Deno Deploy preview links — Preview links made review on the target device practical, which is a much bigger deal than it sounds.

Mortgage app installed on a phone home screen — Once previews and deployment were smooth, phone-based iteration stopped being a gimmick and started being genuinely useful for small changes.

The broader point is not the mortgage app

The bigger lesson here is that this is how software should be built at any scale, even if every individual tool and process detail needs to be adapted for a larger team.

You start by shaping the specification until the problem is concrete. You create artifacts that make the intended behavior visible. You keep implementation connected to those artifacts. You review changes as pull requests. You validate them in preview environments. You rely on CI and CD so production is a merge, not a ceremony. And you make it cheap to iterate on the actual end-user behavior instead of discussing abstractions forever.

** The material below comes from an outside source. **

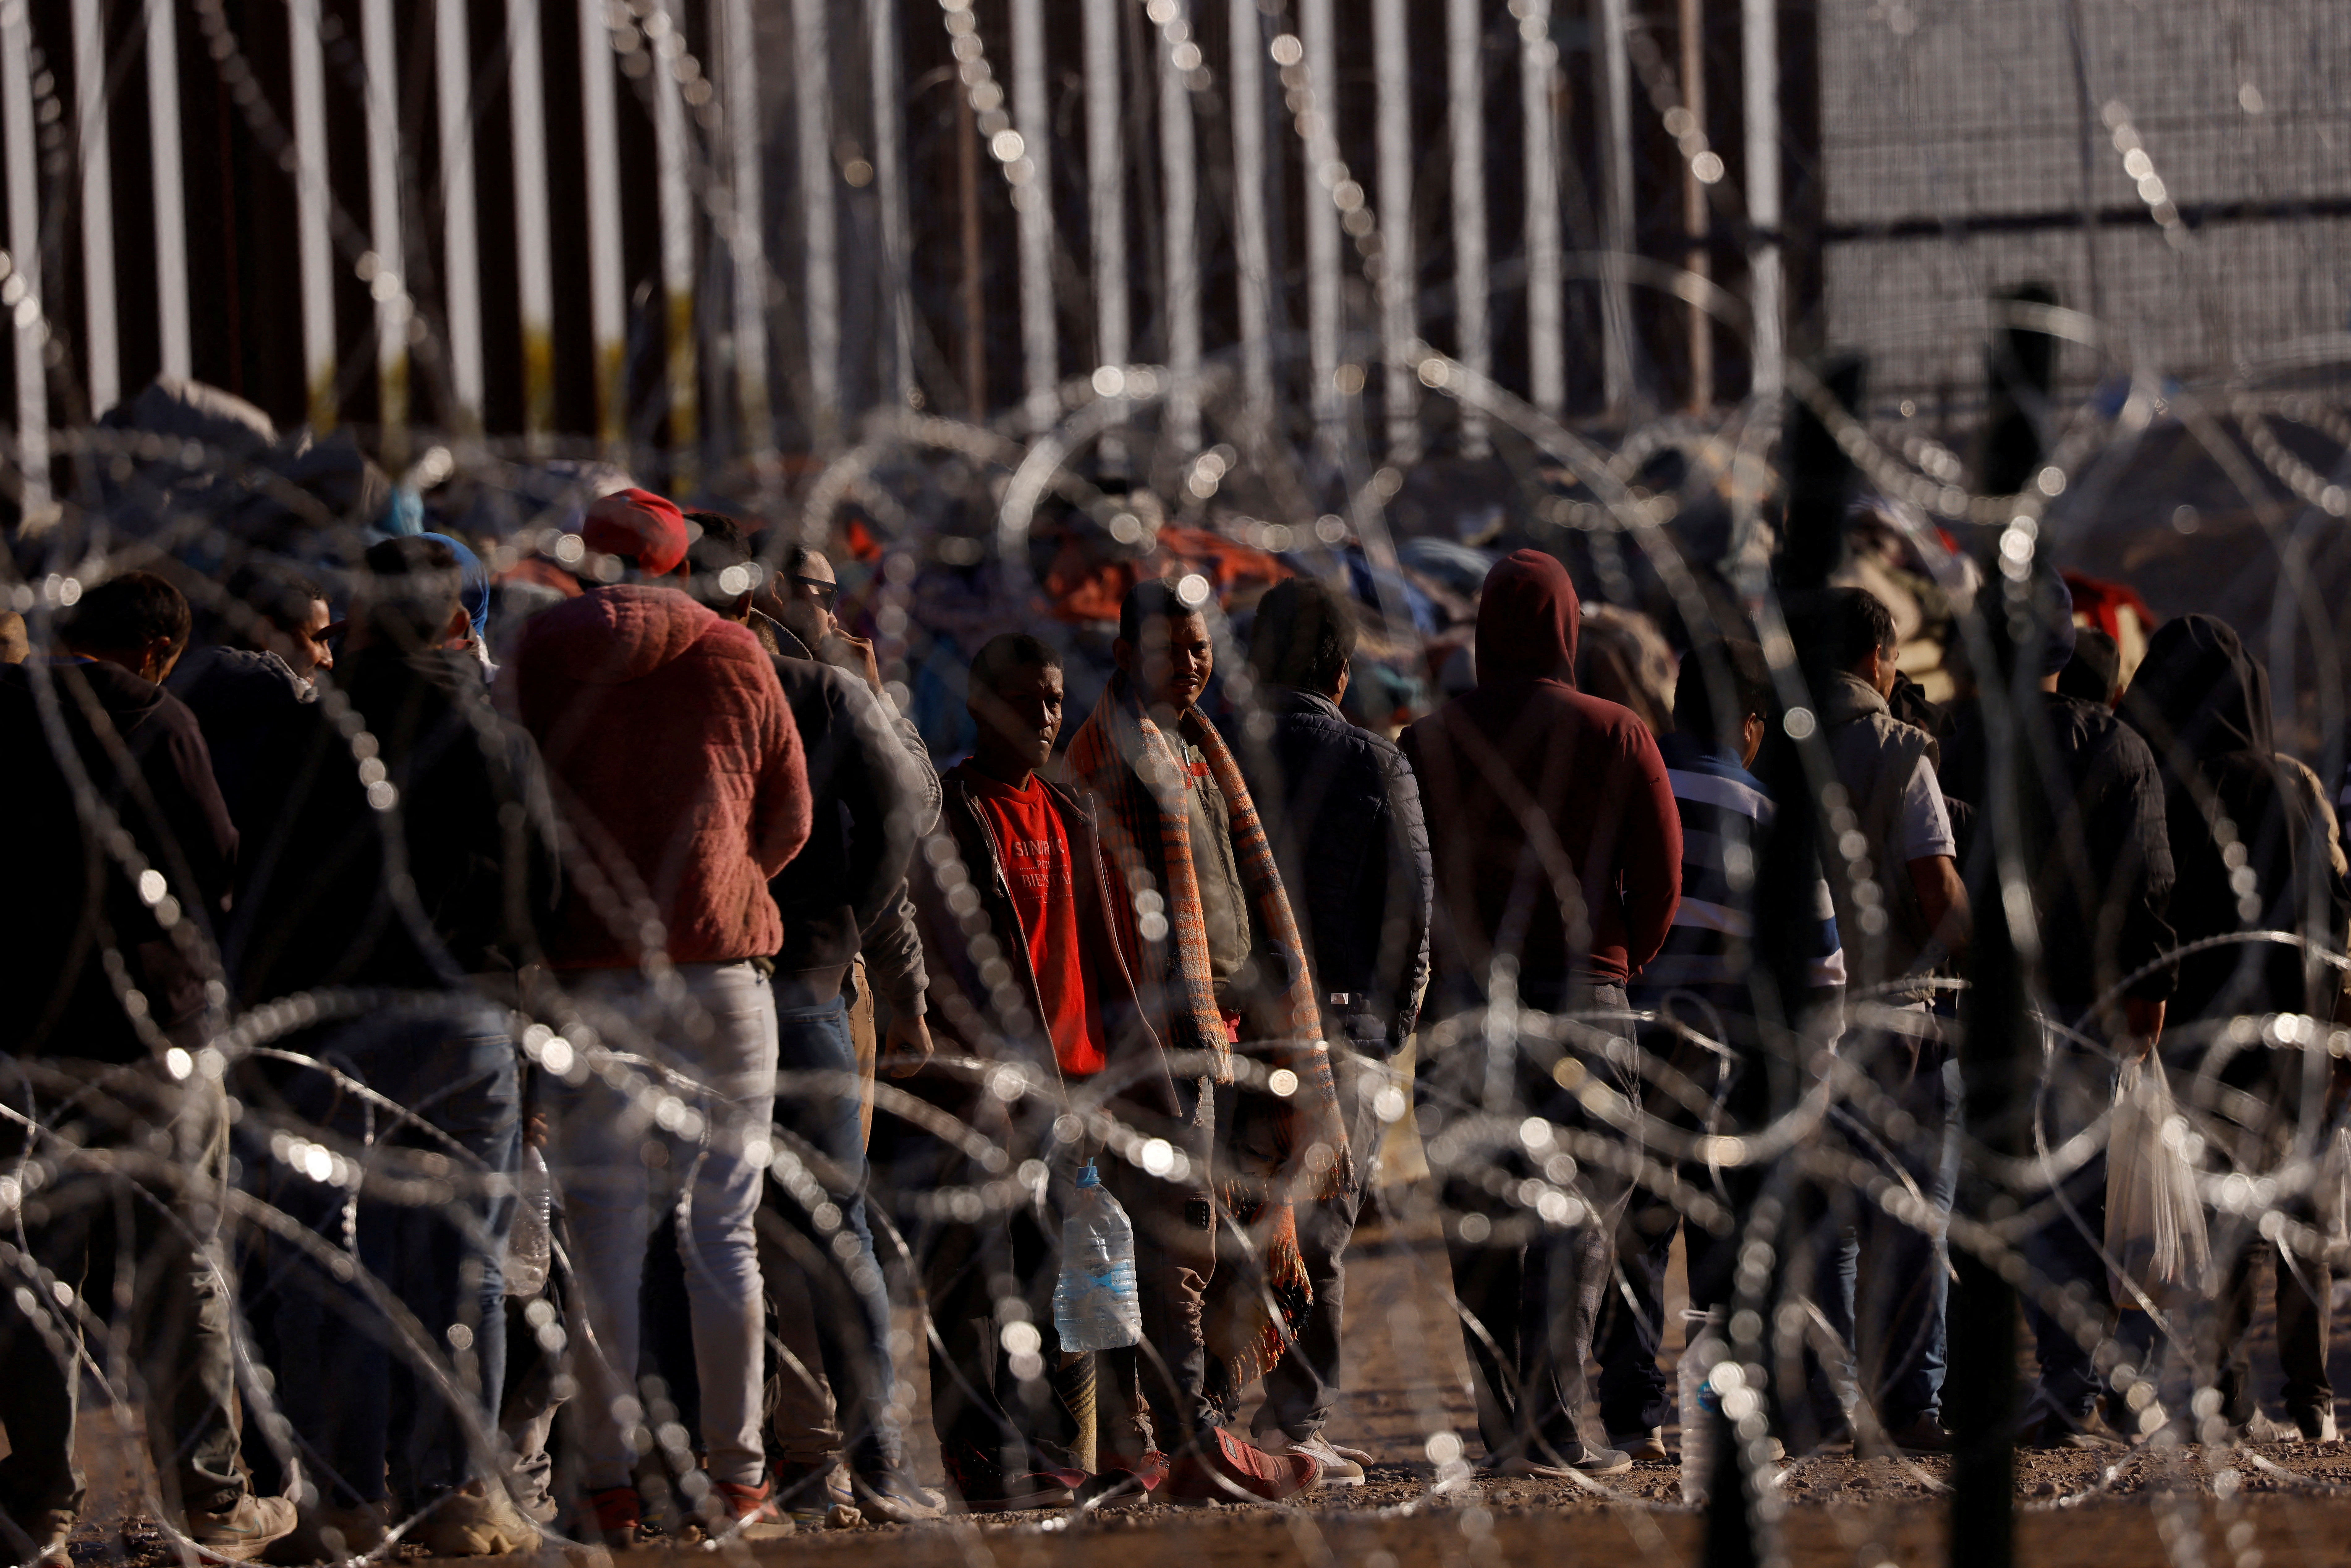 Migrants gather along the U.S. Mexico border after the lifting of Tile 42

That is why I keep coming back to the same point: poor specs are still one of the biggest causes of delivery drag, and AI does not remove that problem. If anything, it makes the cost of vague thinking show up sooner. The same DORA pattern applies here too. AI can improve throughput while instability goes up. The teams that benefit are the ones pairing fast generation with strong version control, small batches, visible delivery flow, and reliable feedback loops.

This tiny project made that obvious. Writing code got easier very quickly. Building a system where that speed stayed useful required much more deliberate structure.

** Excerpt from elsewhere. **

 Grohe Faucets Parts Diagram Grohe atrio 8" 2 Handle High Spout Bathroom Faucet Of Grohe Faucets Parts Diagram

Where AI still needed a human to steer it

AI accelerated implementation, but it did not remove the hard calls. Those still depended on experience.

In my case, the places where I had to steer aggressively were the parts that determine whether the app feels real or flimsy: choosing the framework and deployment setup, defining the test rules, setting up the skills and MCP tooling, making the user flow coherent, fixing accessibility issues, pushing toward four perfect Lighthouse scores, defining the font and glyph usage, specifying the PWA requirements, and then grinding through the visual inconsistencies and bugs that always show up once a product gets close to release.

That final stretch is where seniority still matters most. Not because AI cannot type code, but because someone still has to decide what "done" means, what quality bar is acceptable, what to simplify, what to ignore, what has to be corrected now, and what risk is worth carrying.

Closing

What I like about this project is that it was small enough to finish and honest enough to be instructive. It was not a grand product launch. It was one practical app and one complete delivery chain.

The chain was the real lesson: verify the formula, build the disposable prototype, use that to drive design, encode constraints before scaling implementation, wire the work into Git and preview deployments, and then use experience to steer the final quality.

That is the part I think scales. Not the novelty of a mortgage calculator, and not the novelty of doing some of the work from a phone. The durable part is the delivery setup: better specs, better artifacts, faster reviews, preview validation on the target device, and production deployment as a routine outcome instead of a stressful event.